A new method for determining the timing of DNA replication in specific regions of the mammalian genome without the use of DNA density labeling and DNA density centrifugation is described.

The method is based on determination of average relative DNA copy numbers in specific genomic regions as cells progress through S phase, and “time of replication” for a specific region is described in terms of the cell’s DNA content when the region is replicated.

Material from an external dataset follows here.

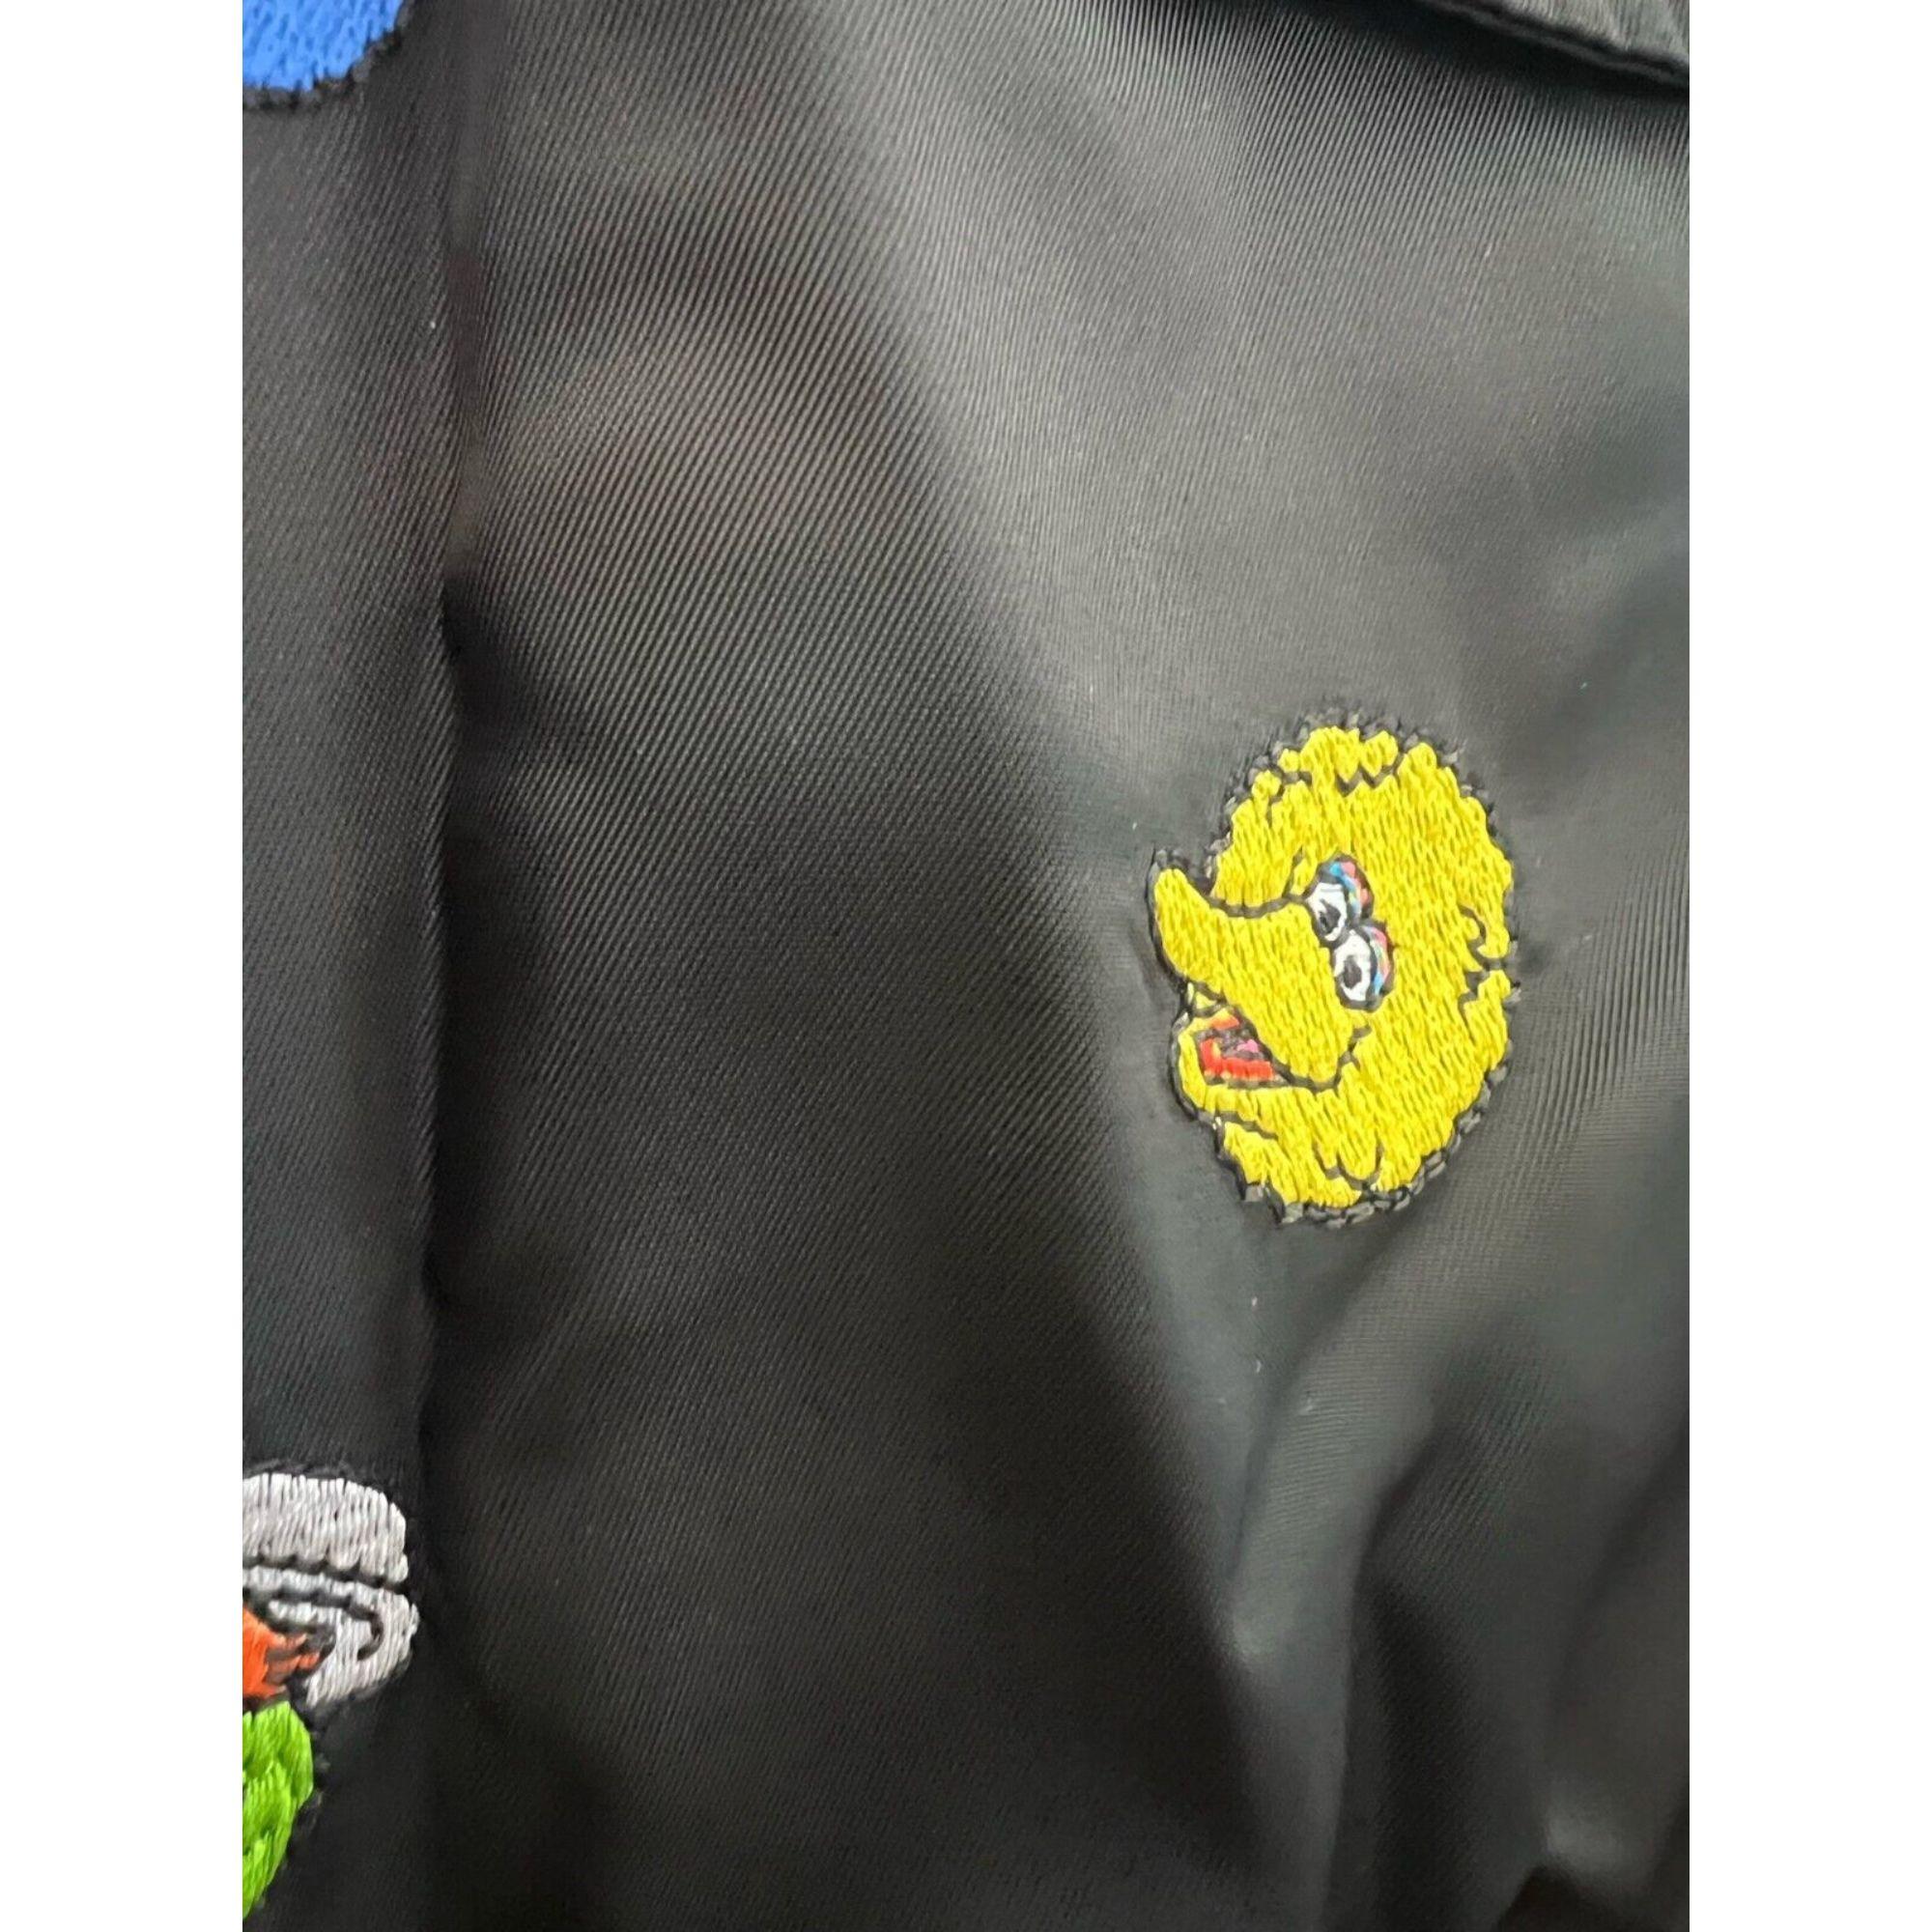 AW21 Moschino Couture Sesame Street Embroidered Hooded Jacket by Jeremy Scott For Sale 2
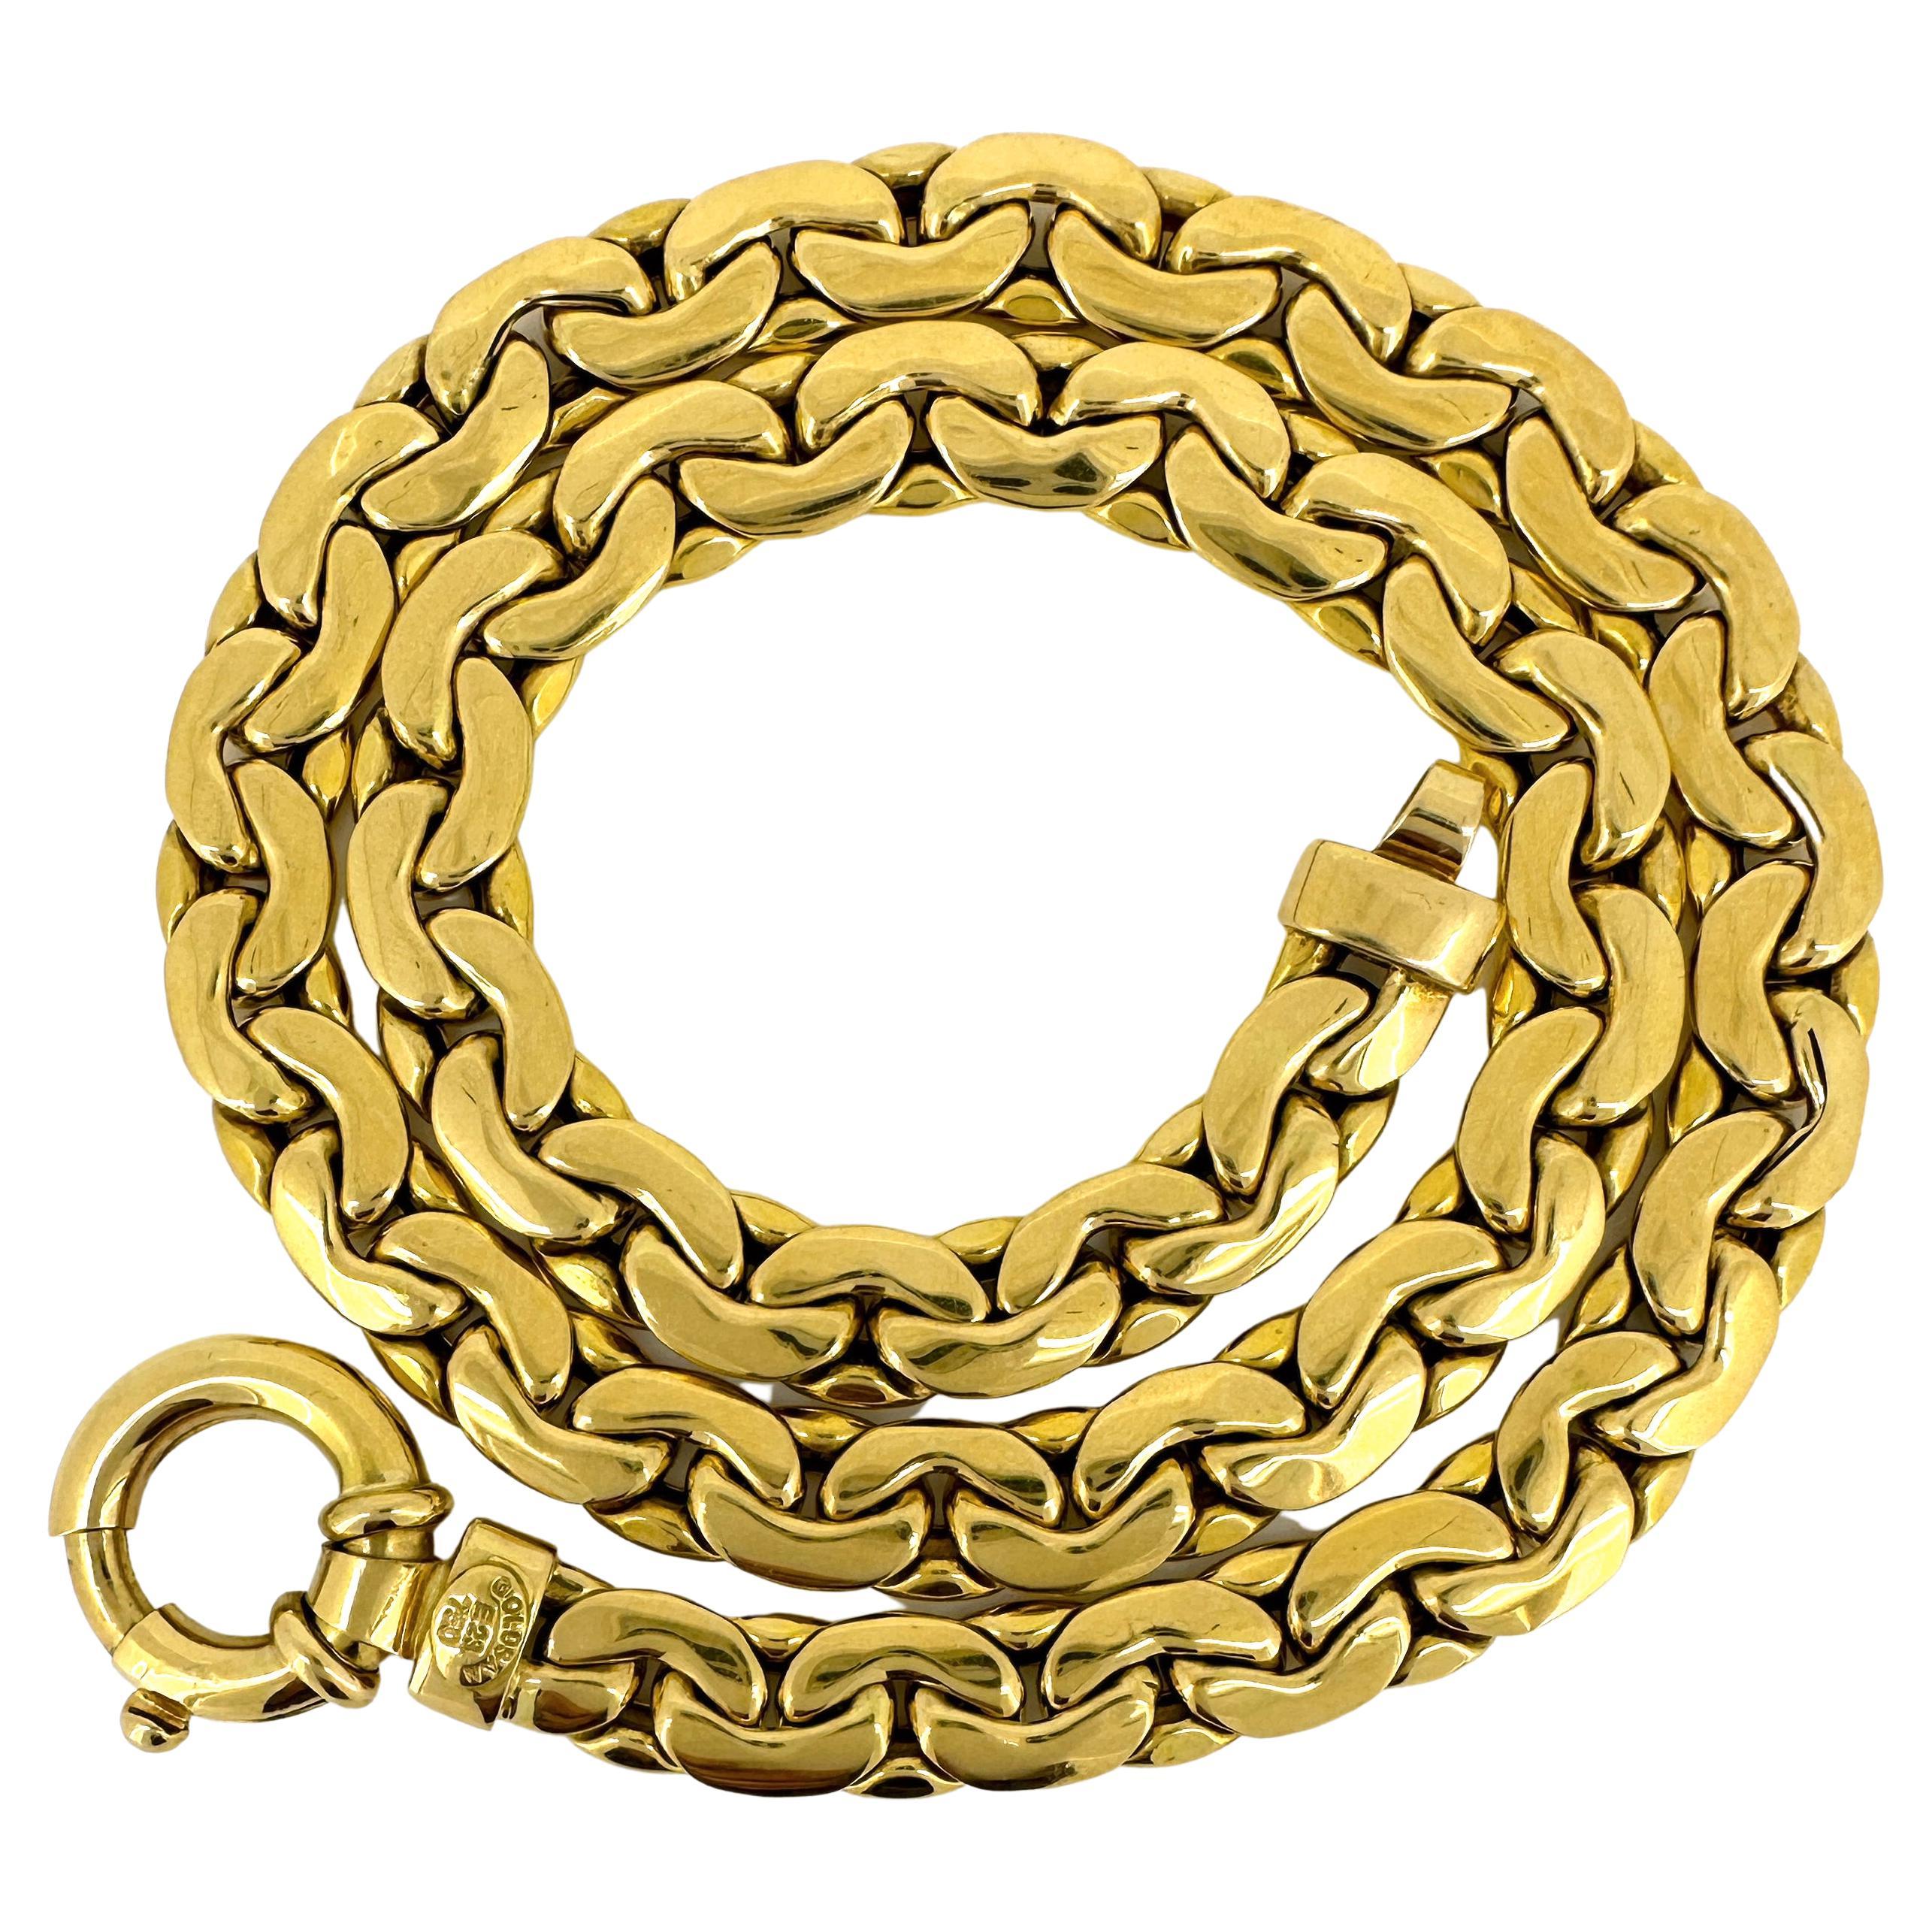 Princess Length Fancy C-Link Chain Necklace in Polished & Satin 18K Yellow Gold

DNA is isolated from synchronized populations of G1 and S phase cells, it is slot-blotted at the same DNA concentration(s) for each population, and it is hybridized with 32P-labeled DNA probes that are specific to the regions of interest.

Quantitation of the slot blot autoradiograms and flow cytometric analysis allows determination of (a) average relative DNA copy numbers for the regions of interest in synchronized cell populations, and (b) the average total DNA content in each population of synchronized cells.

This information and the flow cytometry histograms are then used to calculate the cellular DNA content at which each region of interest is replicated.

The results have a precision of less than or equal to +/- 10% of S phase for Chinese hamster (line CHO) rhodopsin, metallothionein II, the 5′-end of dihydrofolate reductase, the telomeric repeated sequence, pHuR-093 (also located near the centromeres in CHO chromosomes), and the c-Ki-ras family.